The aim of our study was to analyze the functional/phenotypic associations of the rs340874 SNP in PROX1 in humans, including the evaluation of behavioral habits (diet, physical activity), body fat distribution, insulin and nonesterified fatty acids (NEFAs) levels, as well as glucose/fat metabolism.

Materials and methods

The study group comprised 945 (463 women and 482 men; aged 18–65 years; mean age 40.4 ± 0.8 years.) Polish origin Caucasian volunteers, without previously known dysglycemia, from the Podlasie region, recruited for the 1000PLUS cohort between 2009 and 2012 by the Department of Endocrinology, Diabetology and Internal Medicine, Medical University of Bialystok, Poland. Among the study population, 634 subjects were overweight/obese and 311 had BMI < 25. The study protocol was approved by the local Ethics Committee of the Medical University of Bialystok (Poland), and a written informed consent was obtained from all participants.

In all subjects, we recorded demographic and anthropometric data, collected blood samples at fasting for metabolic (glucose and insulin) and genetic analyses (PROX1 rs340874) and performed OGTT. We conducted the 3-day food diary analysis in a randomly selected subgroup of 622 subjects. Portions of food were estimated by comparing with color photographs for each portion size (albums), as well as by asking subjects to weigh their food if possible. Daily energy, carbohydrates, fat and protein intake were analyzed using Dieta 4 software (National Food and Nutrition Institute, Warsaw, Poland). Daily physical activity was estimated using International Physical Activity Questionnaire-Long Form (IPAQ-LF), which is a self-administered questionnaire and the level of physical activity was expressed as MET (metabolic equivalent)-min per week (MET level × minutes of activity x events per week) (Hagströmer et al. 2006).

Using multi-frequency bio-impedance method—Maltron BioScan 920-2 (Maltron International Ltd, UK), we analyzed body composition: percentage of total body fat, visceral adipose tissue (VAT), subcutaneous adipose tissue (SAT) and VAT/SAT ratio.
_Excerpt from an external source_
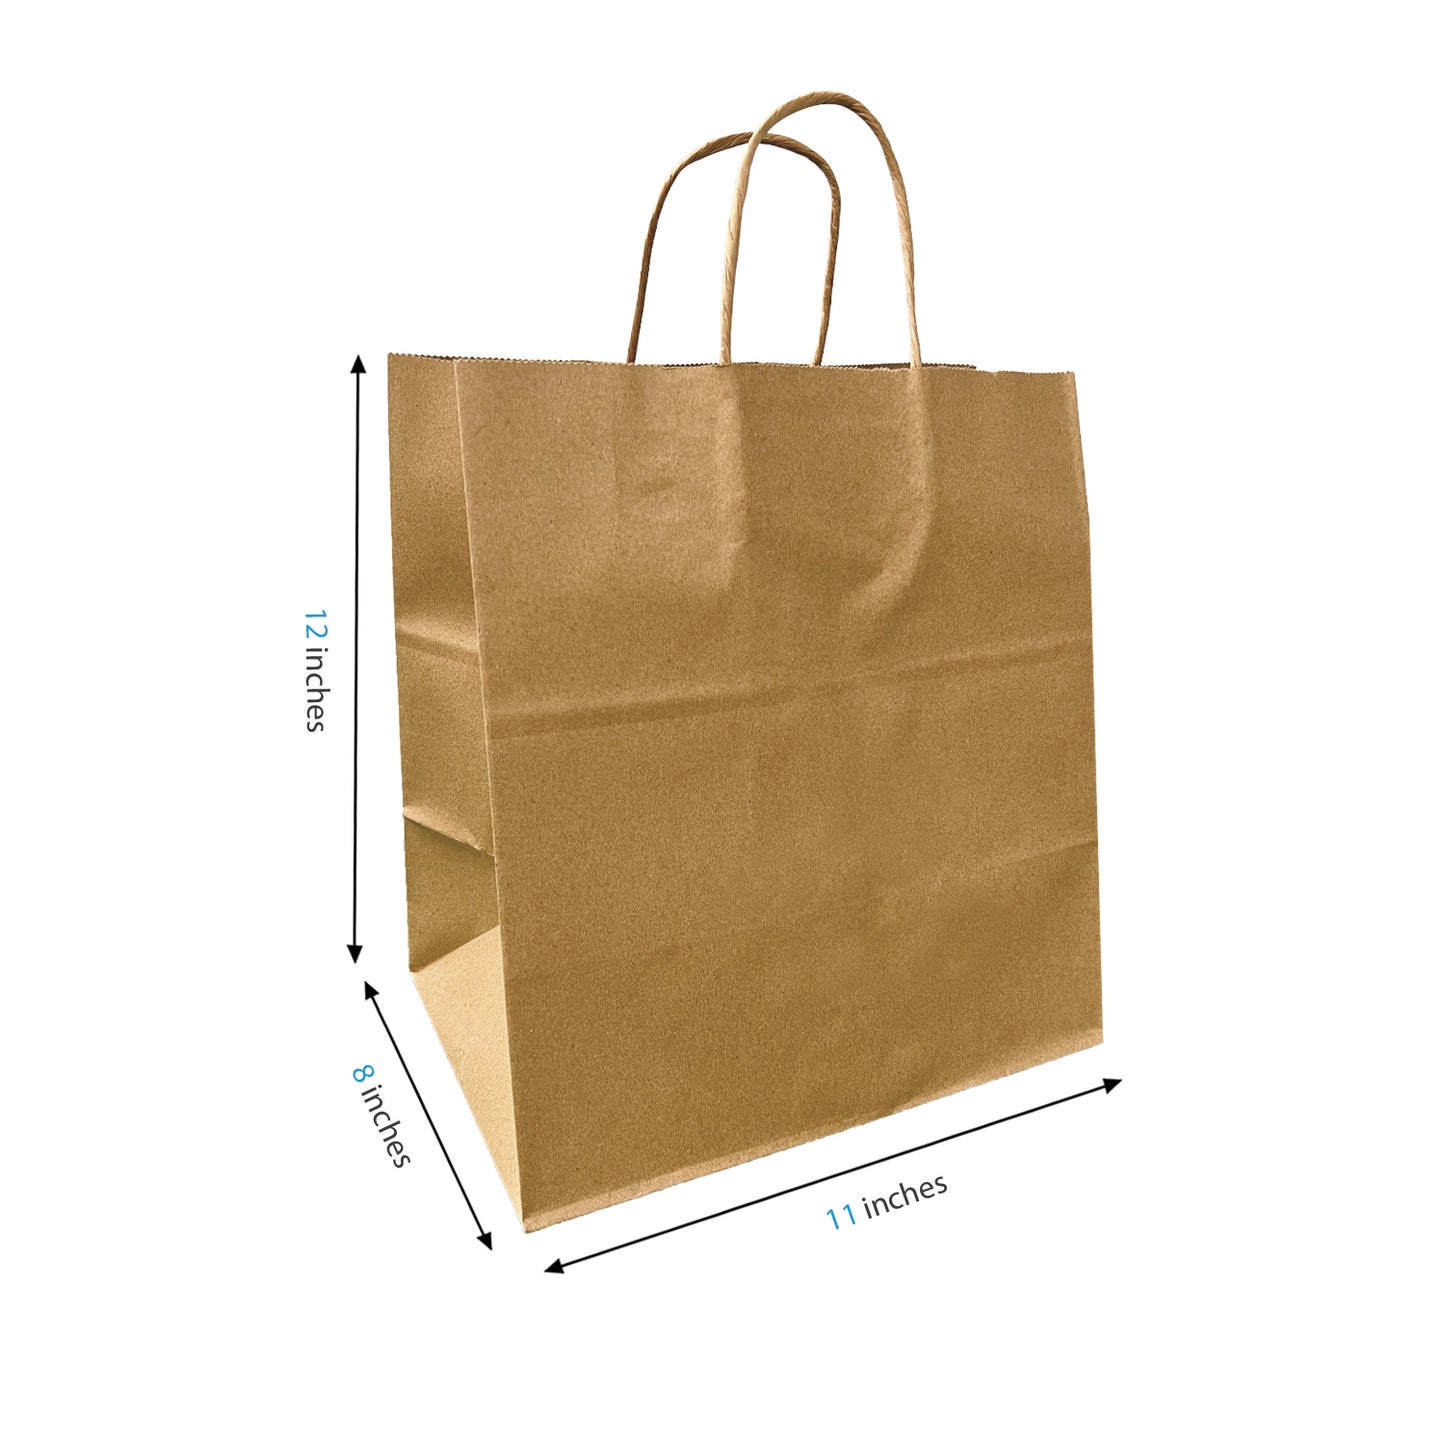 200pcs Cafe 11x8x12 inches Kraft Paper Bag Cardboard Insert with Twisted Handles, $0.50/pc

Additionally, we performed two standardized meal tests, i.e., with high carbohydrate content and with high fat content, at an interval of 3 weeks to evaluate carbohydrate and lipid metabolism by indirect calorimetry. The tests were performed in 48 randomly selected male subjects, including 17 participants with the CC, 19 with CT and 12 with TT PROX1 genotype (mean age 37.9 ± 1.5 years; mean BMI 28.9 ± 0.9; no significant differences between genotypes for age and BMI, p = 0.2 and p = 0.58, respectively).

OGTT performance

We performed OGTTs according to the WHO recommendation with 75 g oral glucose dose. The participants were instructed to fast for 8–12 h prior to the tests, but not to restrict carbohydrate intake in 3 days before the test. Glycemia and insulin levels were measured at 0, 30, 60 and 120 min of the OGTT. Insulin was measured in 393 randomly selected subjects and no differences in mean age or gender composition were observed between the PROX1 genotypes.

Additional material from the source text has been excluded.